SUPPLIED INFORMATION:
+++

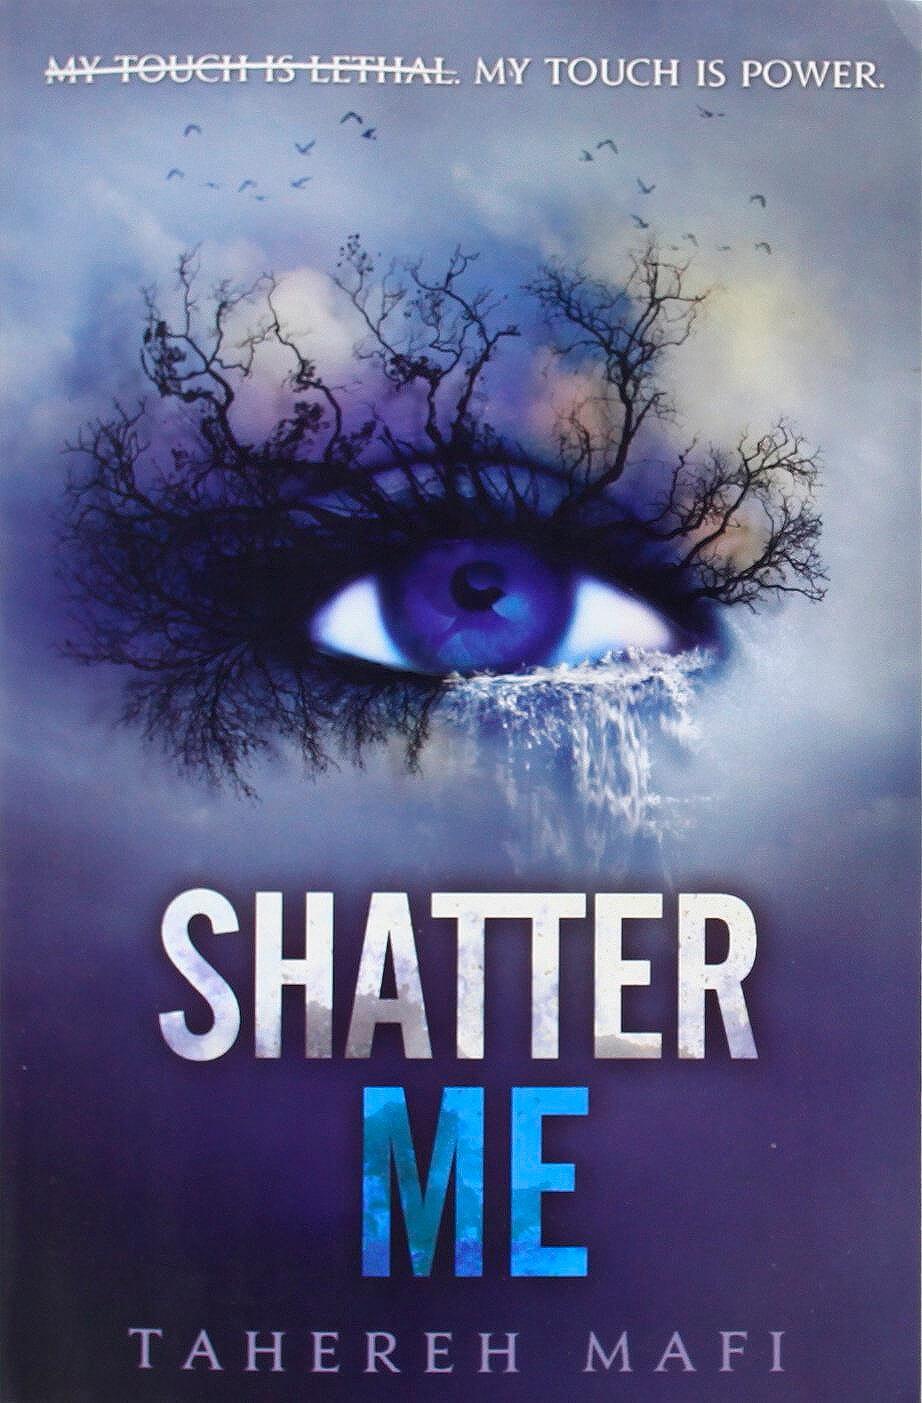 Shatter Me (Tahereh Mafi)
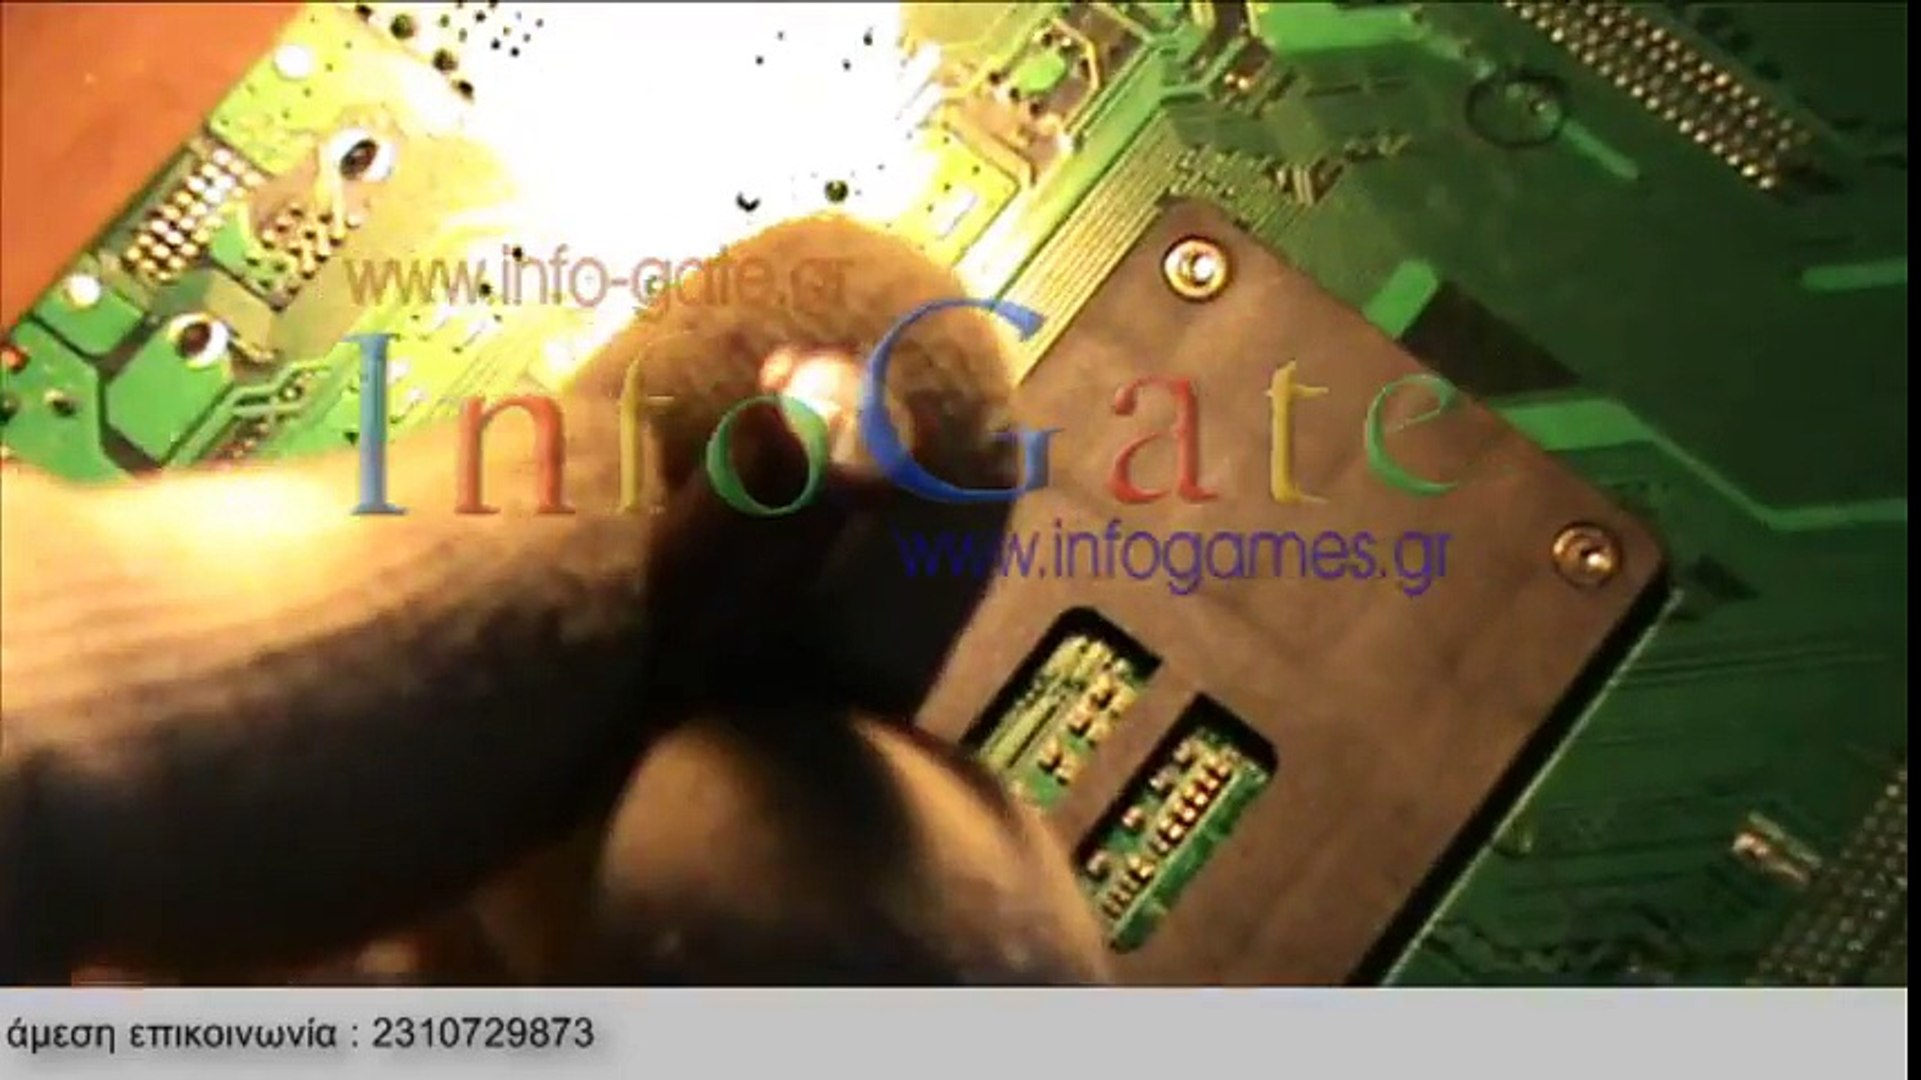 MCP61PM HM VIDEO TELECHARGER PILOTE
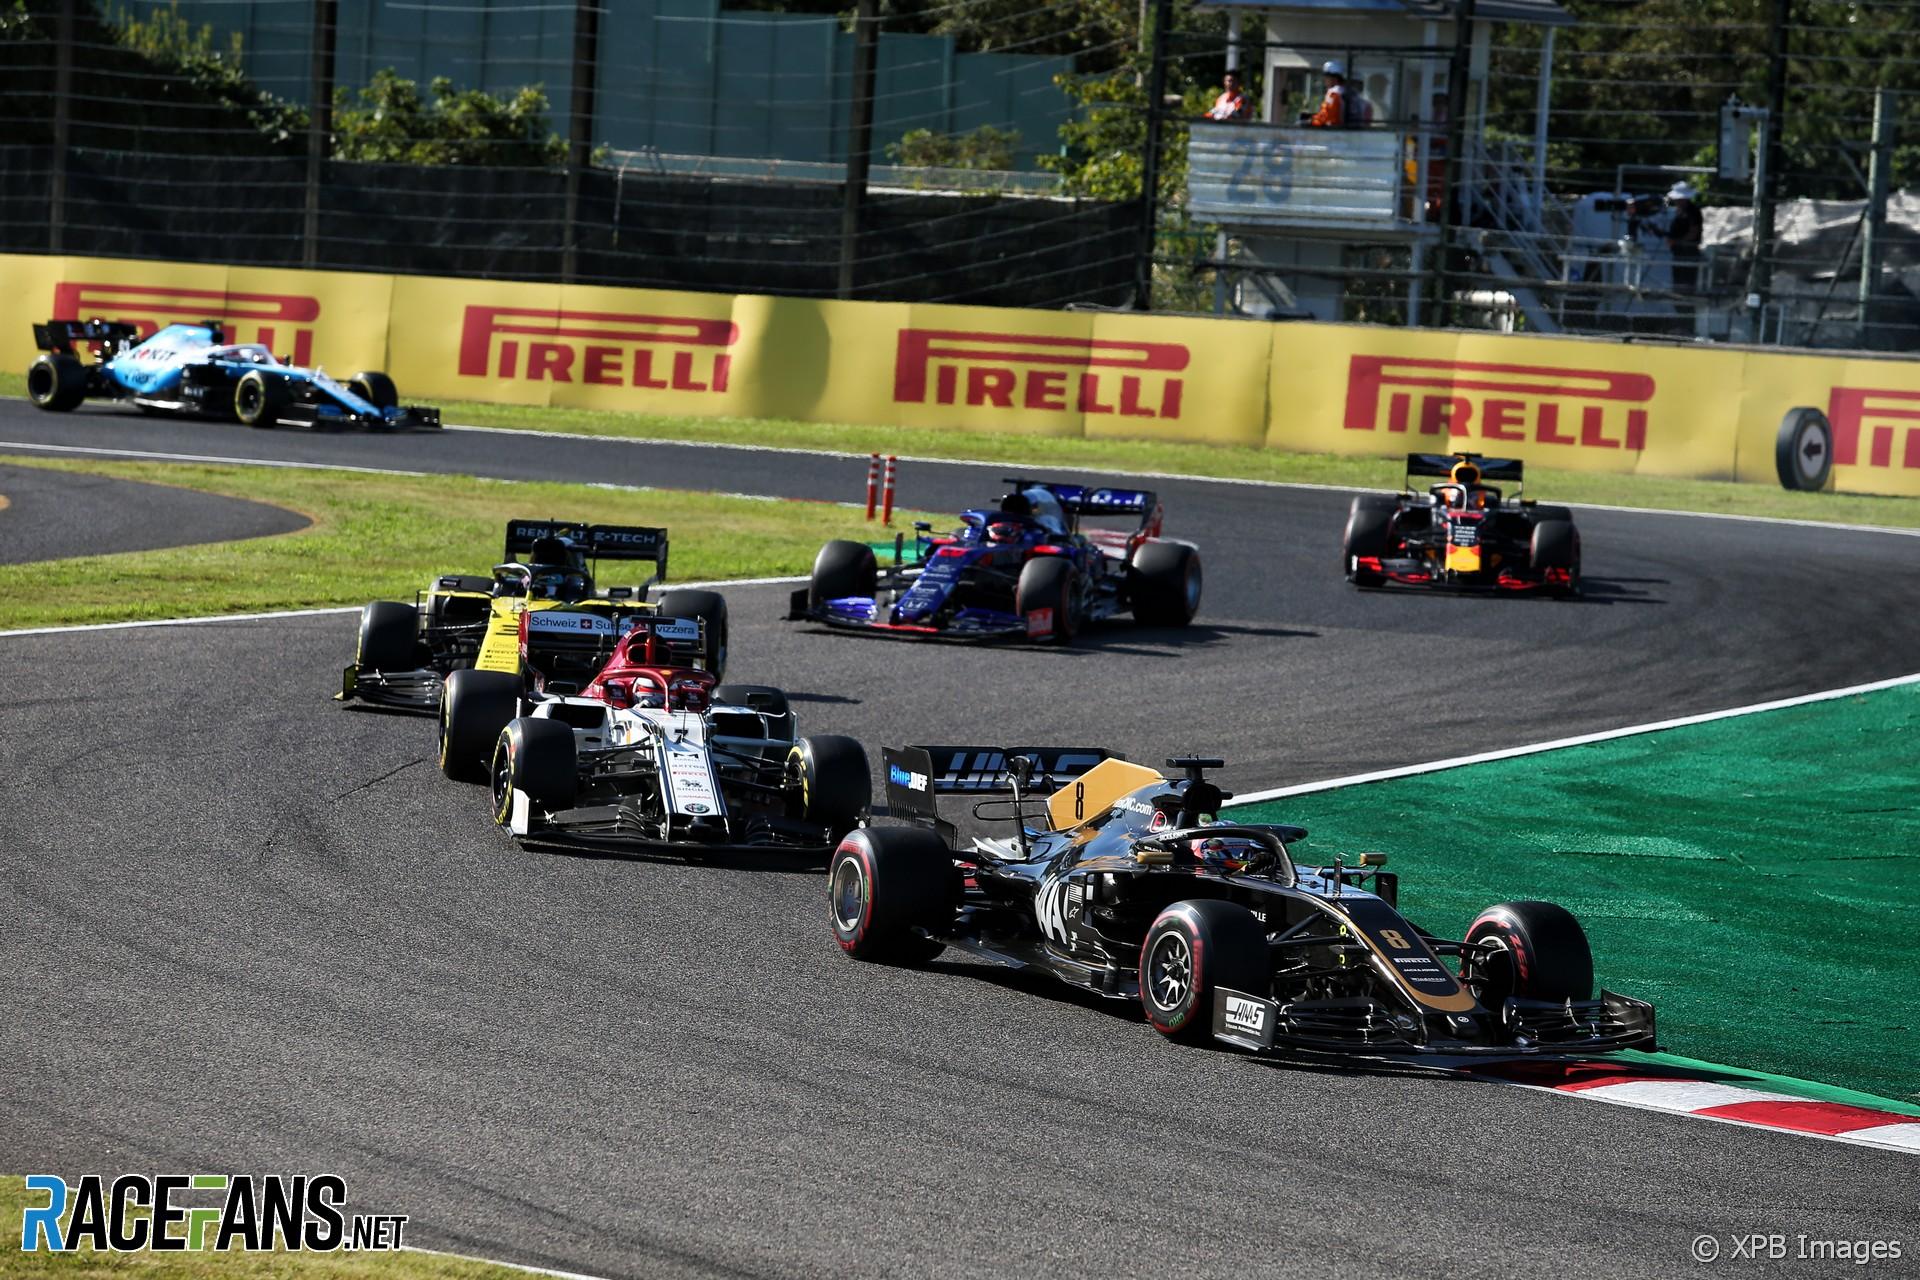 Romain Grosjean, Haas, Suzuka, 2019

+++

EXERCISE AIM:
None of the pictures belong in the copy. Write out exactly the lines from the line that holds "MCP61PM HM VIDEO TELECHARGER PILOTE" through the last line of the listing above, both ends included.

ANSWER TO THIS TASK:
 MCP61PM HM VIDEO TELECHARGER PILOTE
 Romain Grosjean, Haas, Suzuka, 2019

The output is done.